The workflow emphasizes several key principles:
Prediction First
Check models by their predictions—both before seeing data (prior predictive) and after fitting (posterior predictive). If predictions don't make sense, the model doesn't make sense.
Iterate Honestly
Model building is iterative, but changes should be driven by scientific reasoning, not by "trying things until the coefficients look right." Document every change.
Embrace Uncertainty
Report full posterior distributions, not just point estimates. Uncertainty is information— wide posteriors tell you the data can't distinguish between hypotheses.
1. Model Building
Model building starts with a generative story: how do we believe the data were generated? For an MMM, this story includes the baseline sales process, the effect of marketing activities, and the noise structure.
Prior Elicitation
Priors encode domain knowledge before seeing the data. In MMM, we often have strong beliefs:
| Parameter | Domain Knowledge | Prior Implication |
|---|---|---|
| Media effects \(\beta\) | Advertising generally has positive, diminishing returns | Positive support, shrinkage toward zero |
| Adstock \(\alpha\) | Effects decay over days/weeks, rarely months | Beta prior concentrated in [0.3, 0.8] |
| Saturation \(\lambda\) | Diminishing returns set in at realistic spend levels | Prior centered on typical campaign spend |
| Seasonality amplitude | Sales vary by season but not 10x | Constrained to plausible range |
Encoding Domain Knowledge
The prior is the formal mechanism for encoding domain knowledge. Consider the saturation parameter \(\lambda\) in a logistic saturation function:
If we know that saturation typically occurs around 1M USD spend, we can set a prior on \(\lambda\) such that \(f(1M)\) has most of its mass in a plausible range (e.g., 60-90% of maximum effect).
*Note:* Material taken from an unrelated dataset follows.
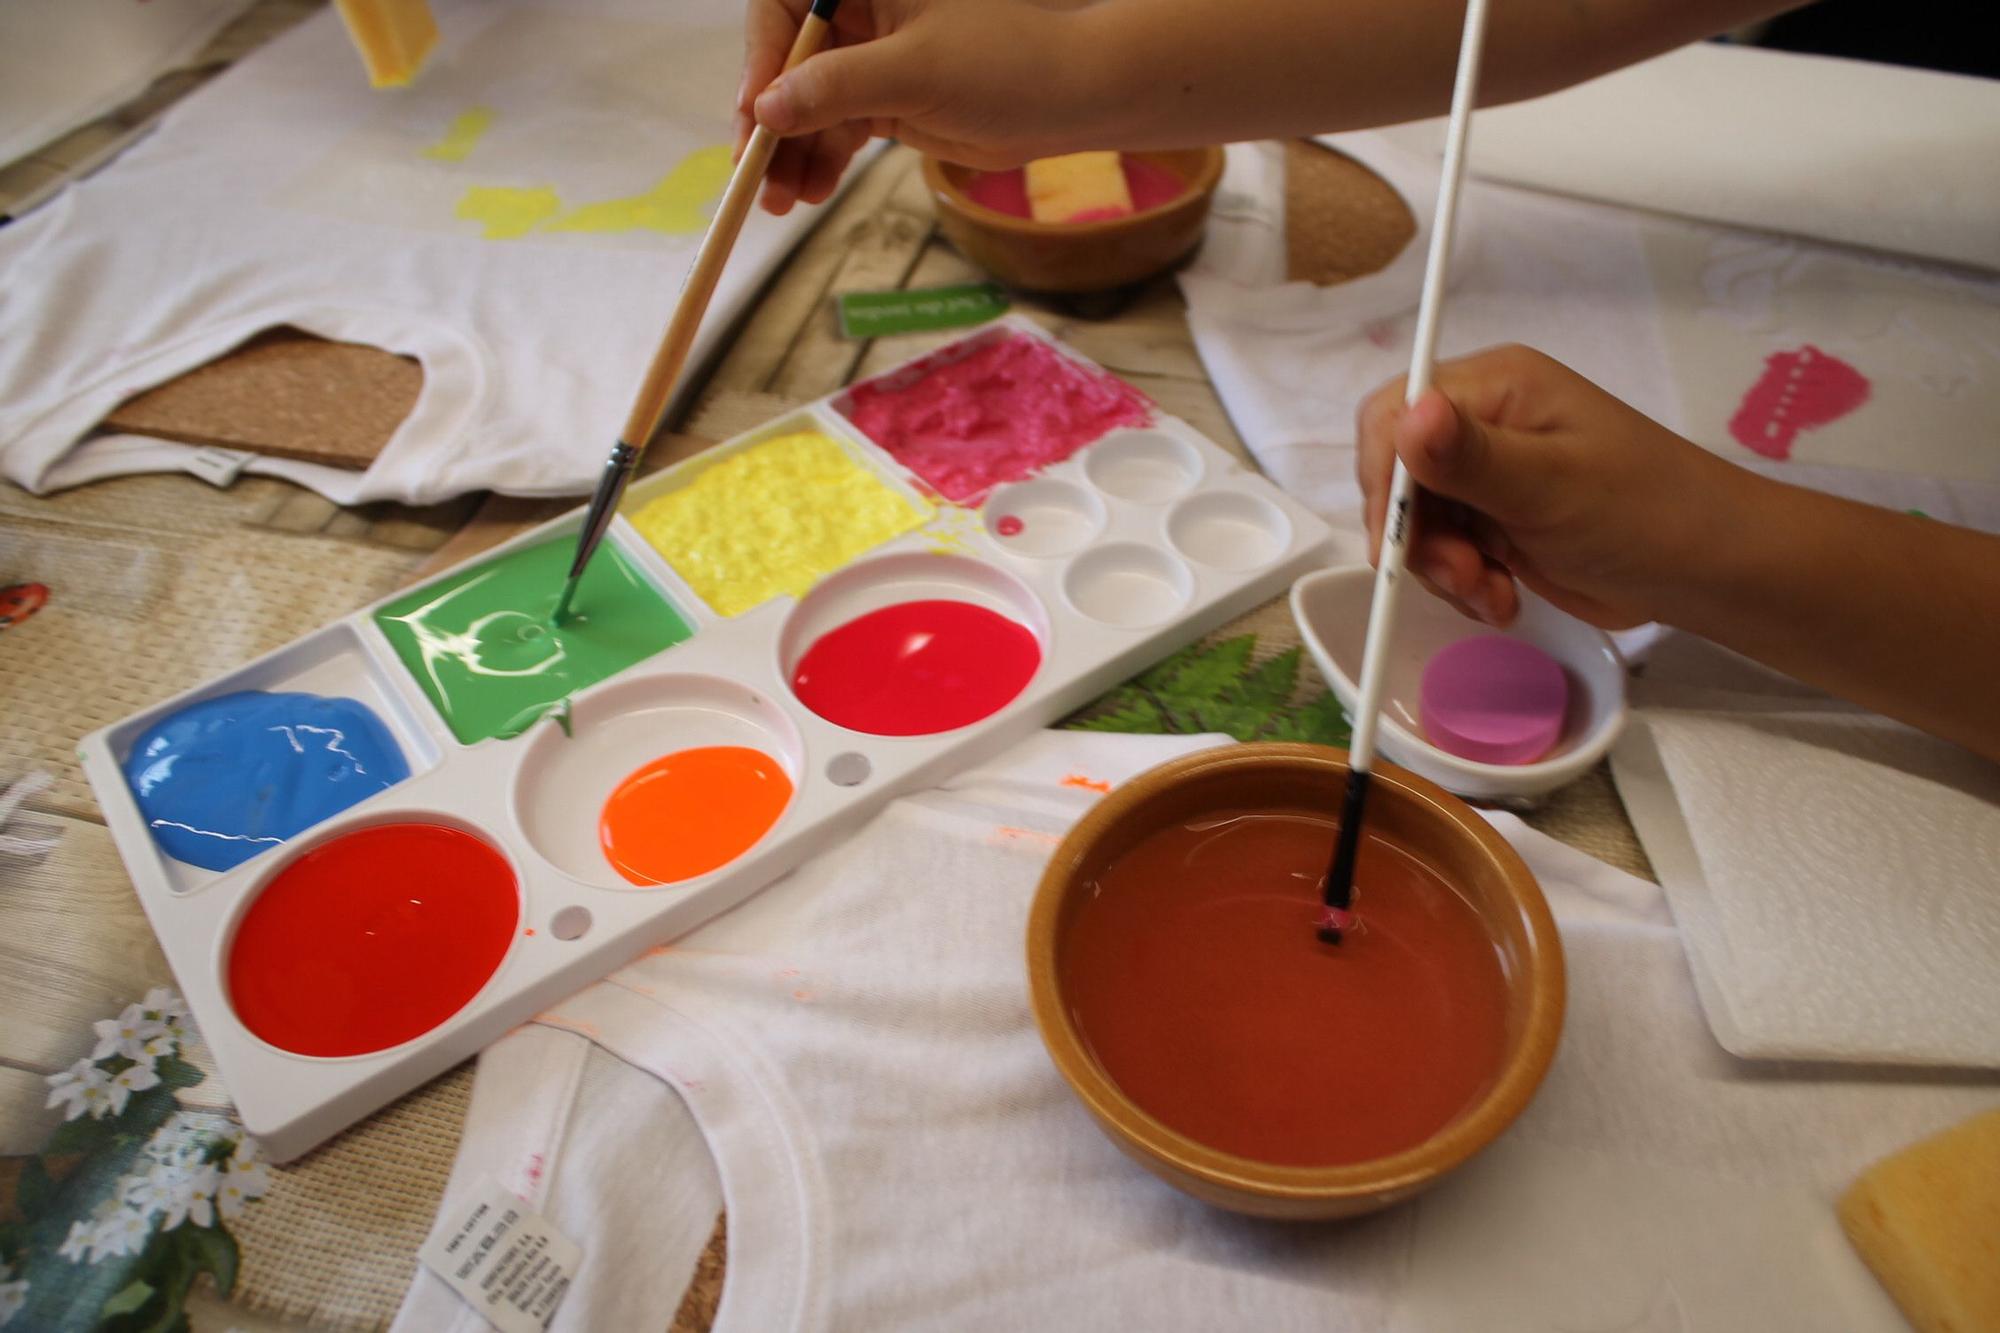 Galería de imágenes: Nietos y abuelos pintan camisetas en el taller de las fiestas de Cala de Bou

# Prior on saturation parameter
# If typical_spend = 1M and we want 70% saturation at typical spend:
# solve: 0.7 = 1/(1 + exp(-lambda * 1M))
# lambda ≈ 0.85 / 1M
import pymc as pm
with pm.Model():
# Lognormal prior on lambda, centered on expected value
lam = pm.Lognormal(
"lambda",
mu=np.log(0.85 / typical_spend),
sigma=0.5 # allows factor of ~3x variation
)
2. Prior Predictive Checks
Before fitting the model to data, we sample from the prior predictive distribution:
This generates fake datasets from the model using only the priors—no observed data involved. The question is: could the observed data plausibly have come from this generative process?
Prior Pushforward
Prior Pushforward
The prior pushforward is the distribution of derived quantities (predictions, effect sizes, ROI) implied by the prior. Even if individual parameter priors seem reasonable, their combination might imply absurd predictions. Checking the pushforward catches these problems.
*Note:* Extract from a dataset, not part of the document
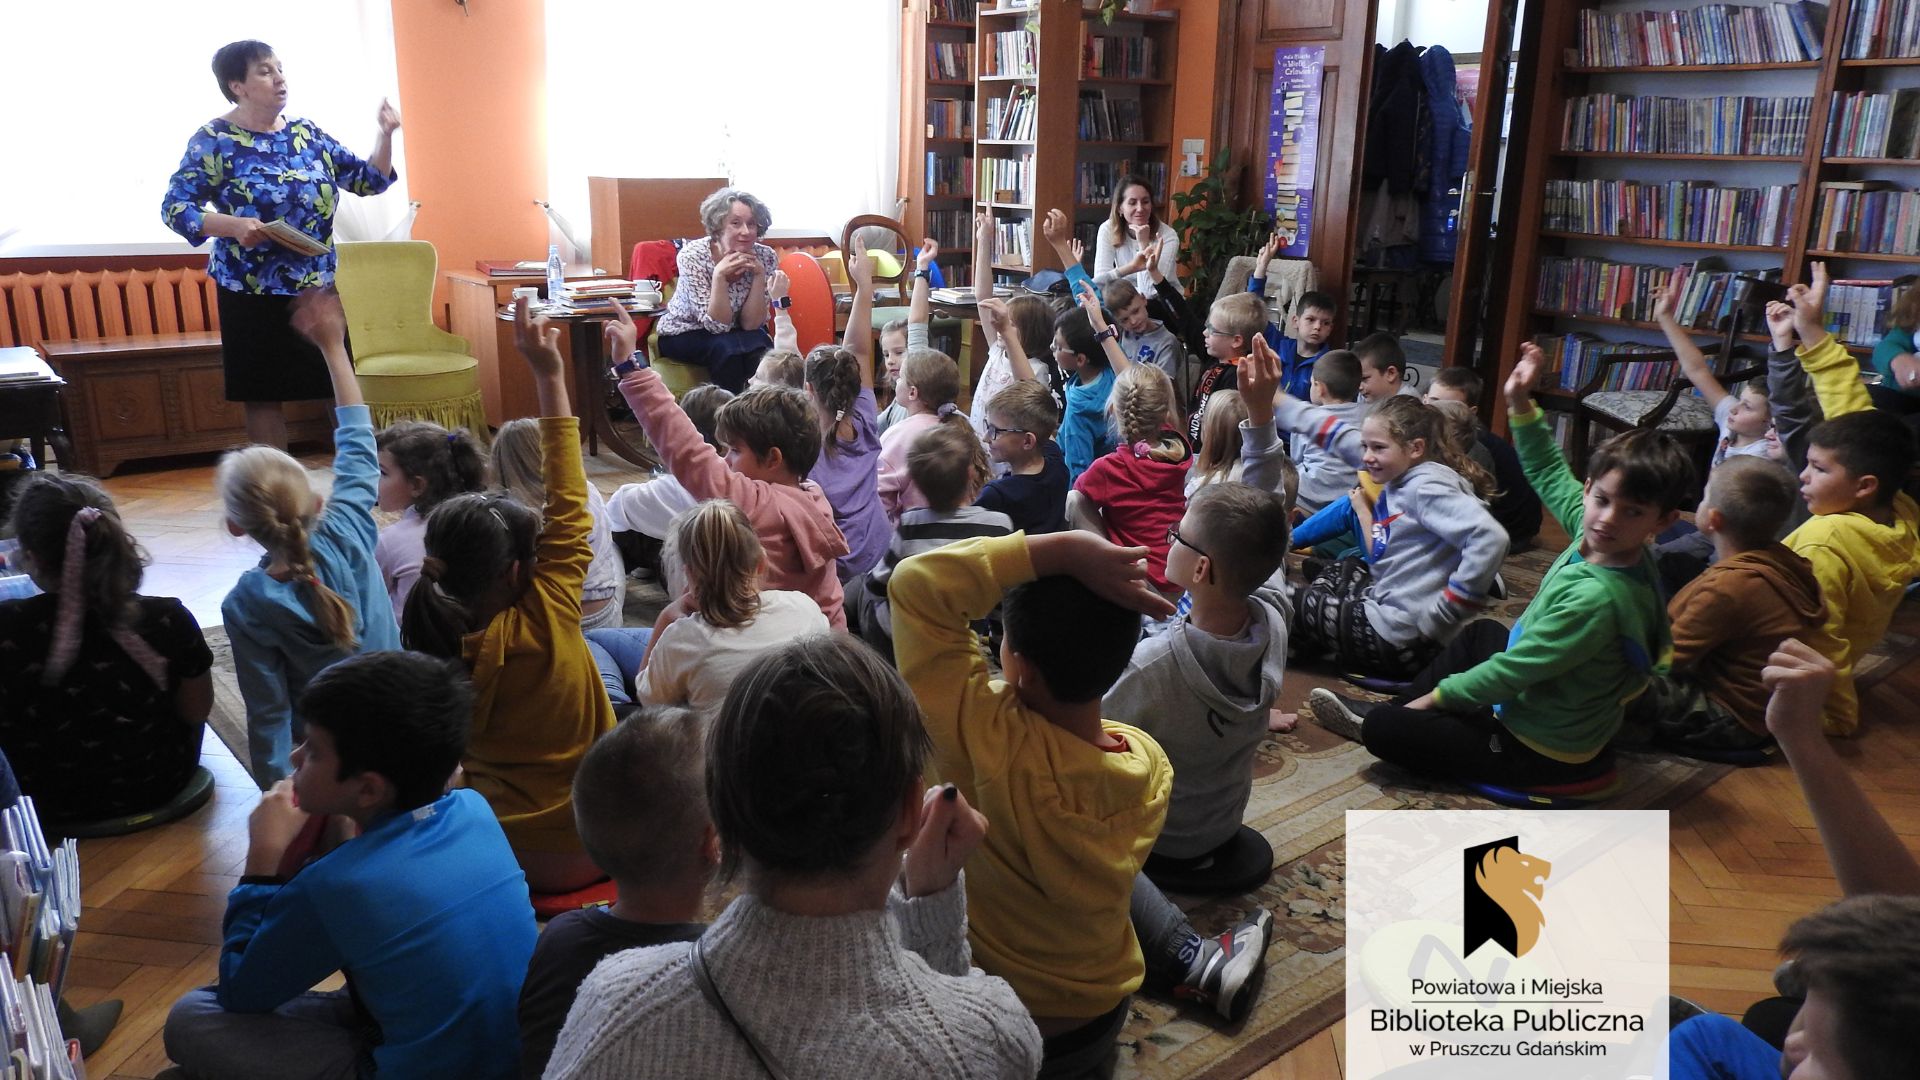 Pani Renata Piątkowska stoi. W jednej ręce trzyma książkę, a drugą rękę ma uniesioną lekko w górę. Obok, na fotelu, siedzi pani Malwina Kożurno. W stronę kobiet zwrócona jest duża grupa dzieci siedząca na dywanie. Wiele dzieci ma uniesioną do góry rękę.

Interactive: Prior Predictive Check
Adjust the prior parameters and see how they affect the prior predictive distribution of sales.
Weakly Informative Priors
A prior is weakly informative if the prior predictive distribution:
- Has mass on plausible datasets (including extreme but possible cases)
- Has no mass on impossible datasets (negative sales, infinite values)
- Is broader than the observed data (not cherry-picked to match)
Common Mistake: Flat Priors
"Non-informative" or flat priors on parameters often imply highly informative priors on predictions. For example, flat priors on many regression coefficients imply that extreme predictions are just as likely as moderate ones. Always check the prior pushforward.
# Prior predictive check in PyMC
with model:
prior_pred = pm.sample_prior_predictive(samples=500)
# Visualize: do these look like plausible sales data?
fig, axes = plt.subplots(2, 5, figsize=(15, 6))
for i, ax in enumerate(axes.flat):
ax.plot(prior_pred.prior_predictive["y_obs"][0, i])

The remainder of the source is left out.